When I asked her if I should have been more bossy, she said no. If I had told her that she was making this mistake, she would have been determined to prove me wrong and it would all have been harder. “I had to learn from this mistake myself” she said.
It’s helpful when school staff can understand these ideas too.
I’ve often encountered surprise from a teacher because I’m telling them that an activity my child seemed to enjoy contributed to distress I saw at home later.
Running around in the playground isn’t necessarily a good way for a child with Asperger’s to spend their lunchtime. They don’t need more social interaction – the classroom is a very socially interactive place these days. Some quiet time in the library or tidying up the classroom are probably more likely to help an overwhelmed child relax and be able to concentrate in the afternoon.
Yes, she probably did seem pleased by the surprise visit from the magician but the meltdown after school was still the result of the stress it caused.
She might really enjoy maths but she is still worried about making a mistake and the lessons make her anxious.
If she’s had a cover teacher in the morning, endured an extra noisy assembly and the rain drove lunchtime play indoors, she is unlikely to be able to concentrate on a demanding task in the afternoon.
I’ve seen these ideas explained in various ways; The Spoon Theory being one and the ‘stress bucket’ which is filled by all the challenges you face. If there are too many challenges without enough recovery in between to drain the bucket, at some point there will be a challenge that makes the bucket overflow and that’s when the meltdown occurs.
Jo uses this strategy now – she imagines a stress bucket in her head with a little duck floating on it. These days, the duck turns red as a warning sign that the bucket is about to overflow. That is one very useful little duck.
So what can we learn from this – planning is everything maybe?

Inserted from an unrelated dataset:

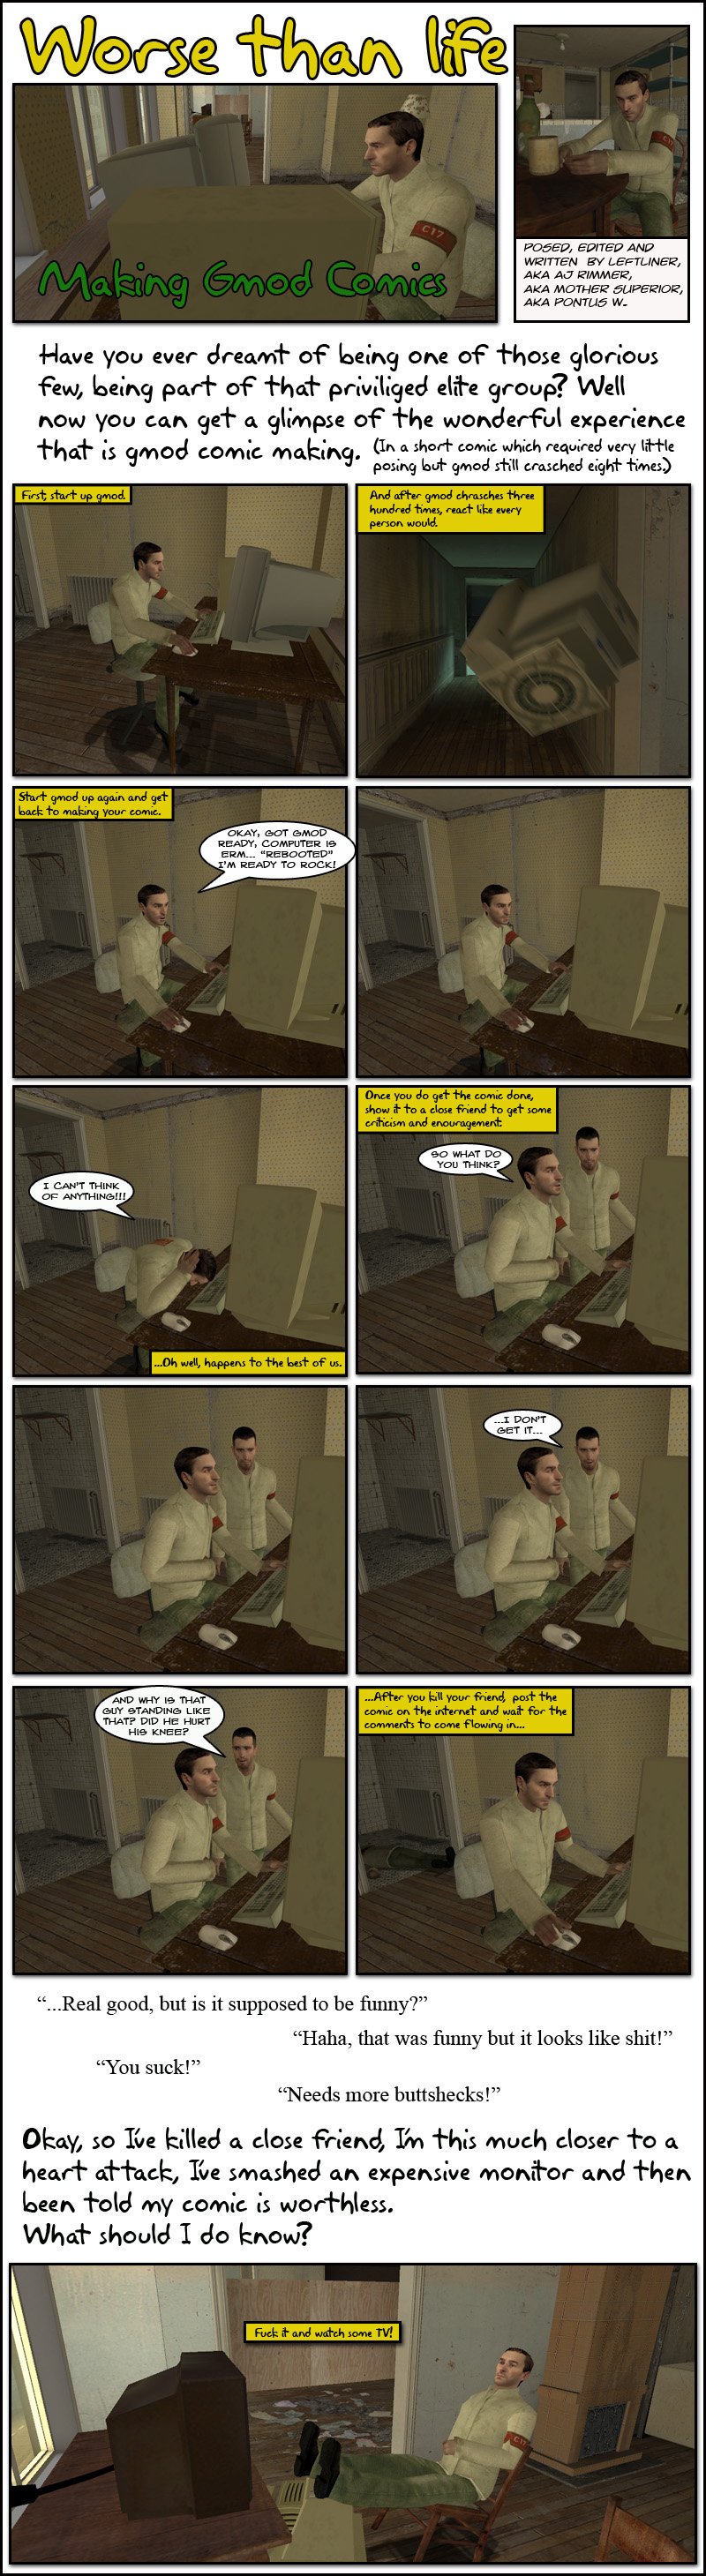 The narration asks if you have ever dreamt of being one of those glorious few, being part of that privileged group, then explains that now you can get a glimpse of the wonderful experience that is Garry's Mod comic making, in a short comic which required very little posing but GMod still crashed eight times. First, the narration says, start up GMod. And after GMod crashes three hundred times, react like any person would, as it shows a computer monitor flying across a hallway. The narration then says to start GMod up again and get back to making your comic. AJ Rimmer exemplifies, with GMod having loaded and him saying he is ready to rock. He sits in front of the computer motionless for a moment, then declares he can't think of anything. The narration says it happens to the best of them, then adds that once you do get the comic done, show it to a close friend to get some criticism and encouragement. AJ Rimmer shows his screen to Peter, asking what he thinks. Peter stares at it for a moment, then reluctantly tells Rimmer he doesn't get it, then asks why the character is standing like that and whether he hurt his knee. The narration continues by explaining that after you kill your friend, you post your comic on the Internet and wait for the comments to come flowing in. A few examples are shown, saying that it is real good but asking whether it's supposed to be funny, or that it was funny but looks like shit, another that says Rimmer sucks and a last one that says it needs more butt sex. The narration finishes by saying fuck it and watch some TV. The end.

Each day we wake up with a certain amount of personal resource and we need to think about how we spend it. Sometimes the amount we wake up with varies. Some people rarely run out and others find it limits their life significantly. If we and the other adults in their lives can become consciously aware of this, it might help our children to enjoy life and the opportunities that others take for granted and reduce their social isolation.
With our support, over time, our children can take on more of the responsibility for this so that, as they enter adulthood, they understand what helps them and plan their own lives accordingly.